Еще один абзац из воспоминаний ленинградцев: «Сегодня есть совсем нечего кроме последних 200 грамм хлеба. Надя пошла на рынок. Если что-нибудь достанет, будем счастливы. Как же жить дальше? … Надя выменяла за пачку табака и 20 рублей – около полутора килограмм картофеля. Свои 200 грамм хлеба отдала за 100 грамм какао. Значит, пока живем». Вспоминая спекулянтов недобрыми словами и откровенно ненавидя их, несчастные ленинградцы вынуждены были искать встречи с ними в надежде на спасительный обмен. Нередко это заканчивалось разочарованиями: «Я на днях маху дала – не знала современных цен. Пришел спекулянт к соседям и за мои туфли желтые торгсиновские давал шесть кило картофеля. Я отказалась. Оказывается, картофель на вес золота сейчас: одно кило сто рублей, да и нет его, хлеб же 500 рублей». Это выдержка из письма супруги скрипача Б. Зветновского, датируемое февралем 1942 года. Сотрудница Публичной библиотеки С. Машкова пишет: «Ольгин спекулянт все время манил меня: кило сгущенного молока 1200 р., но я так и не увидела его. За плитку шоколада она платила 250 руб., за кило мяса (бульон для Коли) – 500 руб.». (Машкова описывает спекулянта, который работал с самой Ольгой Фёдоровной Берггольц.)

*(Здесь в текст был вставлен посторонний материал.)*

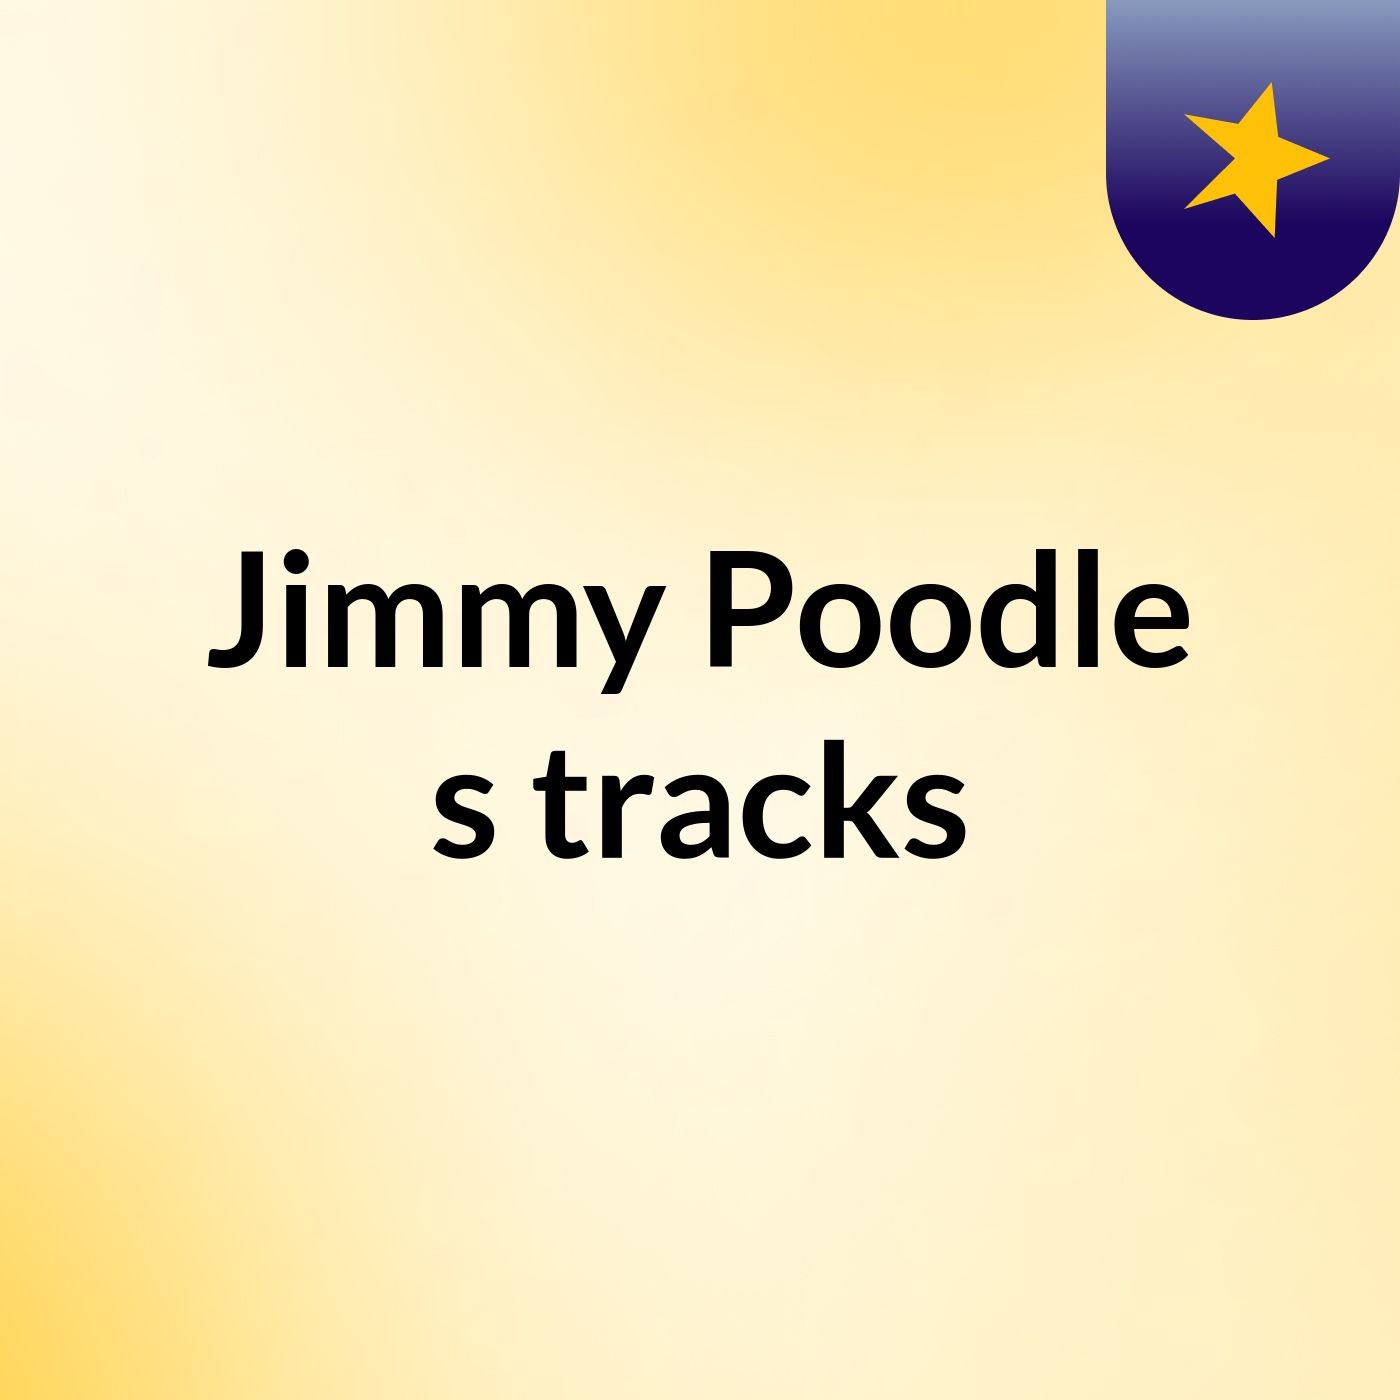 Jimmy Poodle's tracks

И снова знакомая нам Маруся со своими, казалось, безграничными возможностями: «Сегодня хлеба нет – во всех булочных не было выпечки. И надо же случиться, что в такой тяжелый день произошел счастливый случай: словно по чьему-то велению явилась Маруся. За отрез на платье, шифоновую блузку и какие-то мелочи она принесла четыре килограмма рису. Сварили большую кастрюлю рисовой каши. У Маруси желание приобрести золотые часы. Досадно, что у меня их нет». Военный журналист П. Лукницкий достаточно близко общался с представителями ленинградской бюрократии, в частности с хозяйственником ТАСС Л. Шульгиным.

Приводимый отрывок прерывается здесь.